→ **DATA FOR REVIEW**
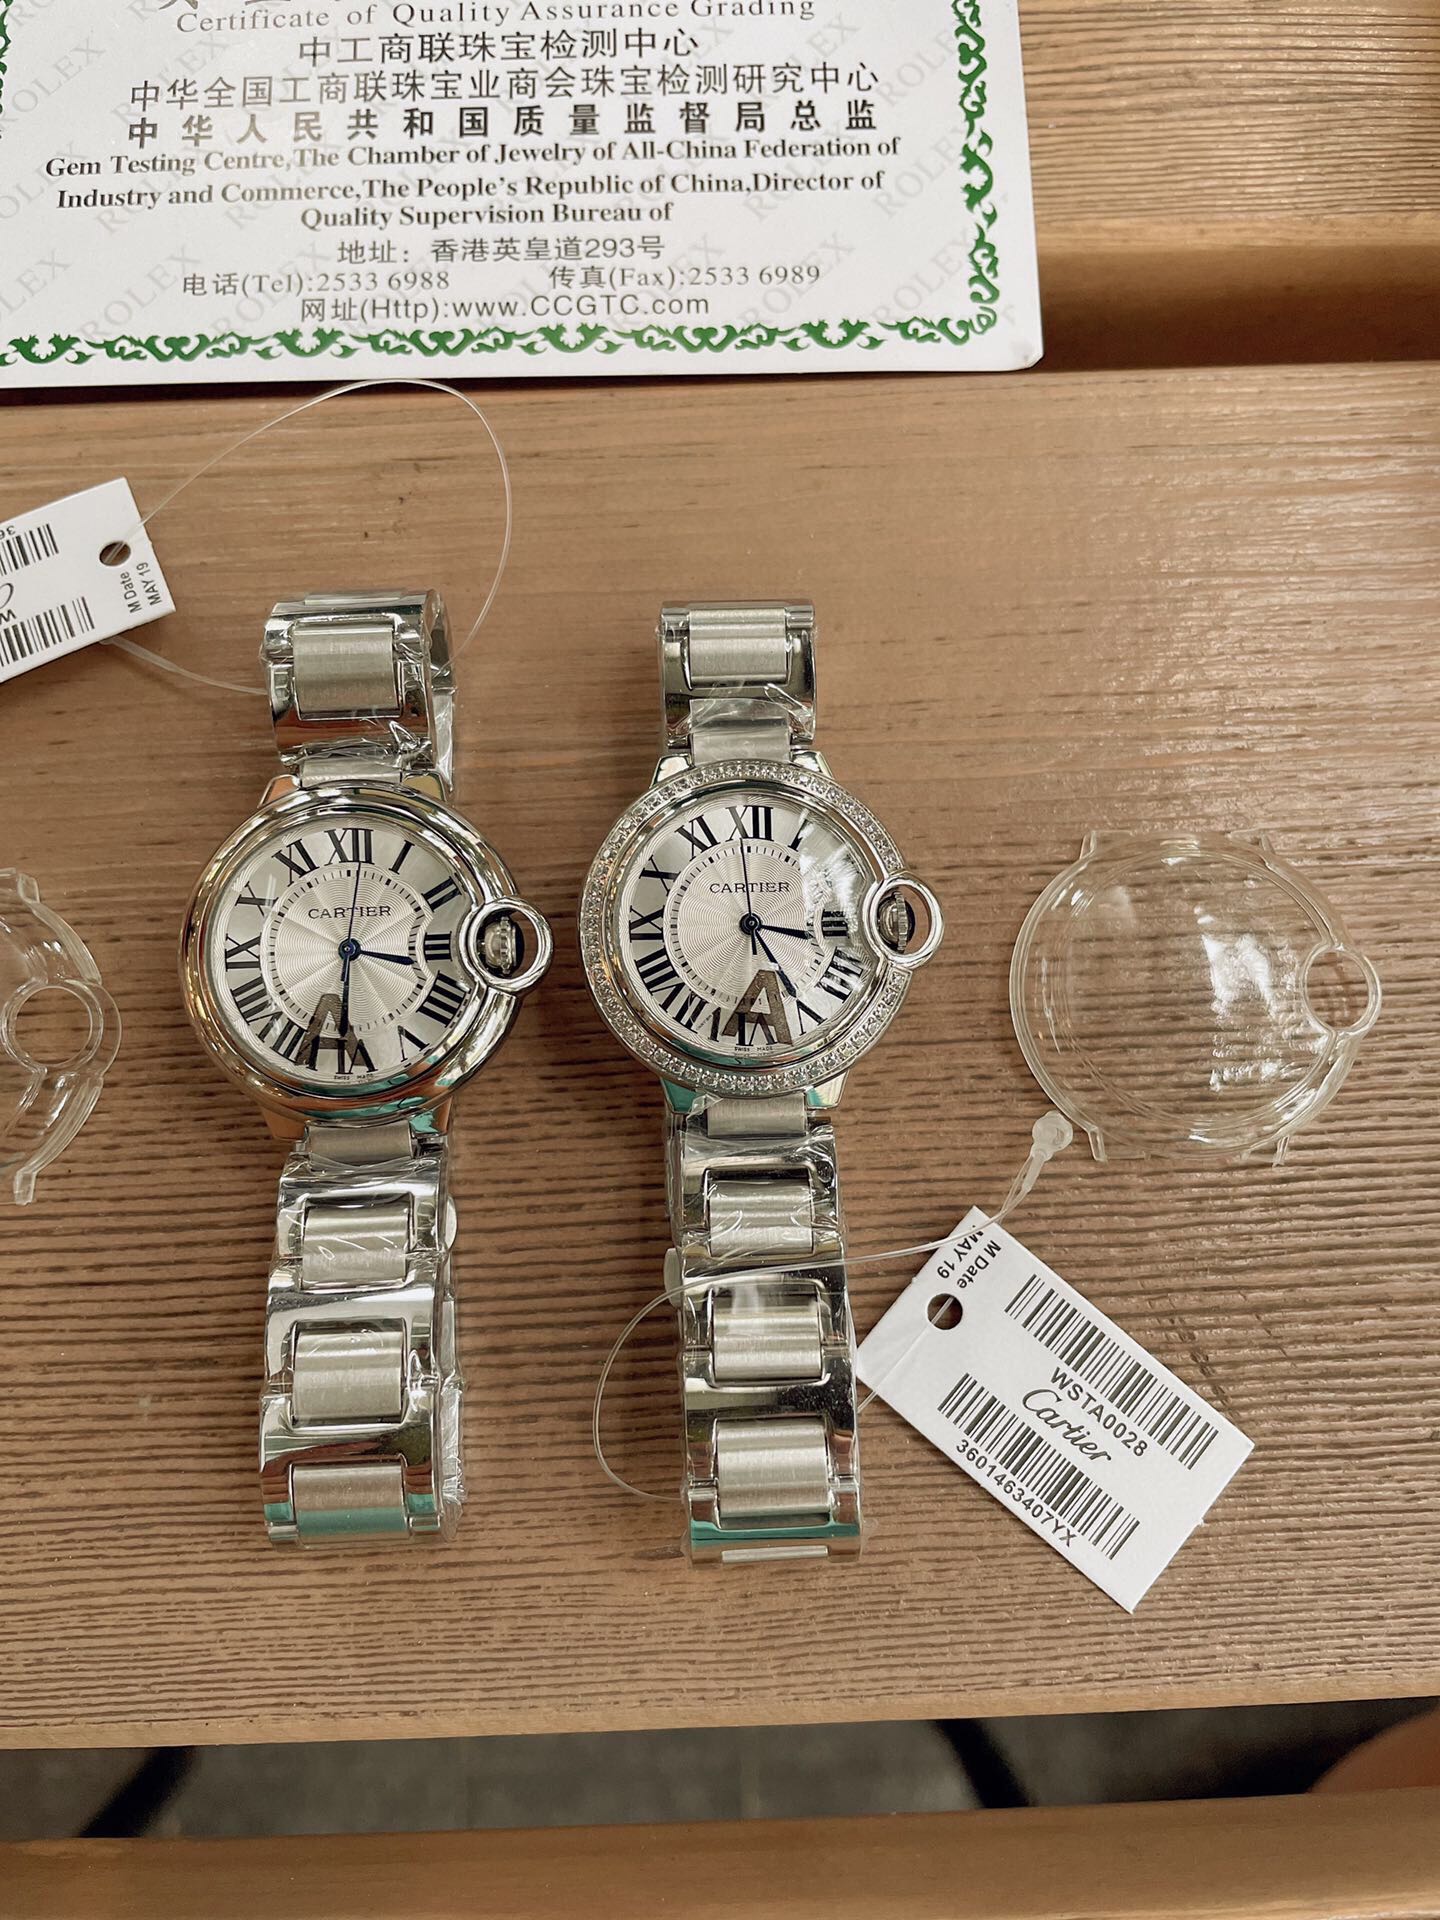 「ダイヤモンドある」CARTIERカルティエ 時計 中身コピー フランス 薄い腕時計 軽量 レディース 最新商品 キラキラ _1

--

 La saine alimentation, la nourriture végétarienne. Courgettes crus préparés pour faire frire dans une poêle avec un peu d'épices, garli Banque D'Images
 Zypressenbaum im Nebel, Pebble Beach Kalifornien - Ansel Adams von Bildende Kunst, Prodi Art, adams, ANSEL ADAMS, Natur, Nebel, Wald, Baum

* * *

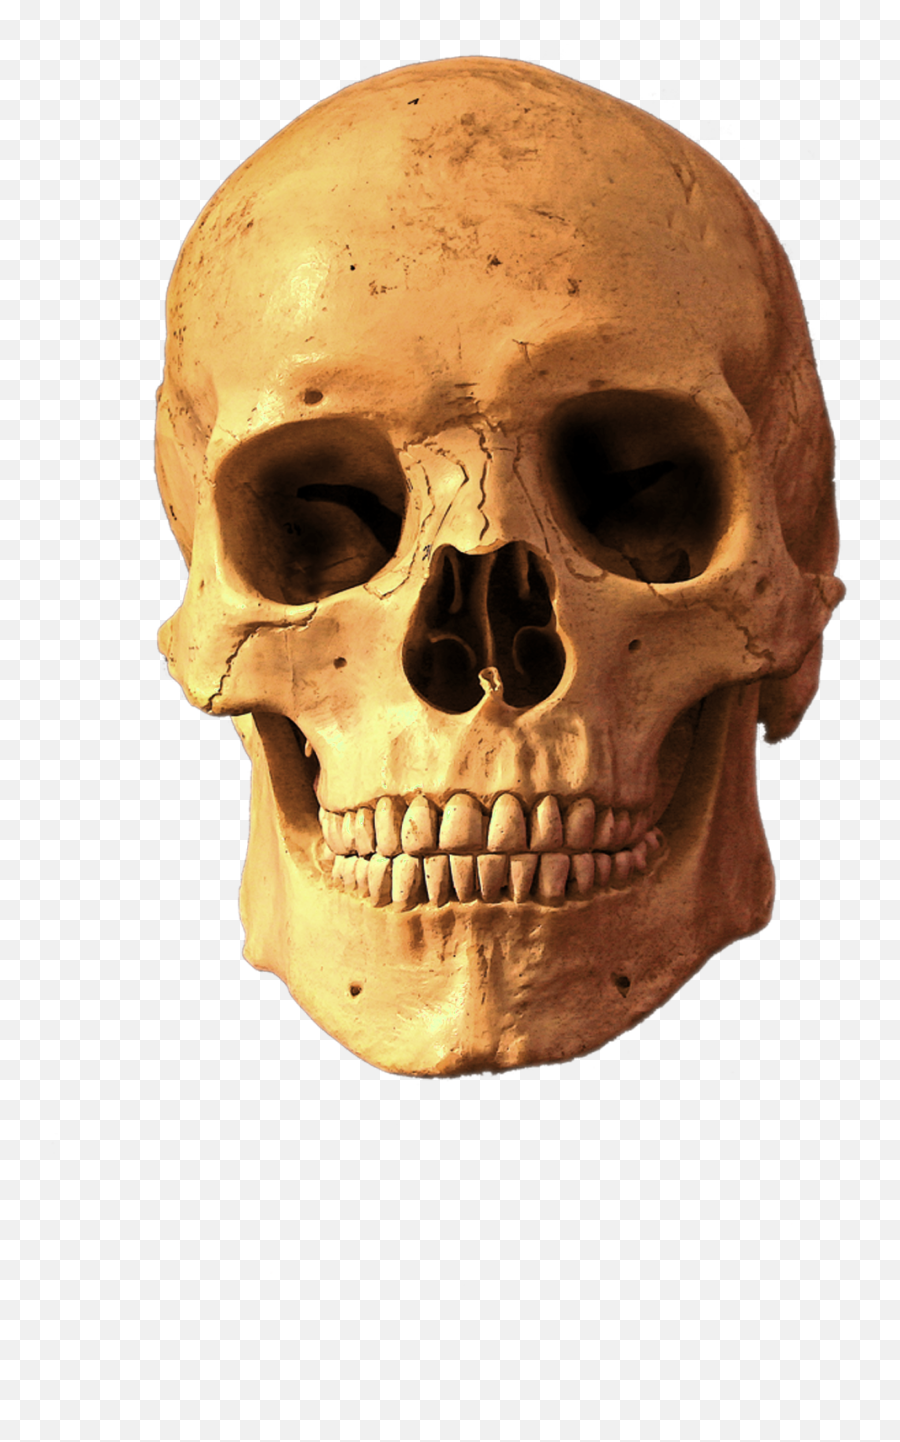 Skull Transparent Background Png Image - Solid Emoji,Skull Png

→ **EXERCISE INSTRUCTIONS**
All that belongs in the answer is the run of lines above from the line containing "La saine alimentation, la" through the line containing "Zypressenbaum im Nebel, Pebble", exactly as written.

→ **RESULT OF THE TASK**
 La saine alimentation, la nourriture végétarienne. Courgettes crus préparés pour faire frire dans une poêle avec un peu d'épices, garli Banque D'Images
 Zypressenbaum im Nebel, Pebble Beach Kalifornien - Ansel Adams von Bildende Kunst, Prodi Art, adams, ANSEL ADAMS, Natur, Nebel, Wald, Baum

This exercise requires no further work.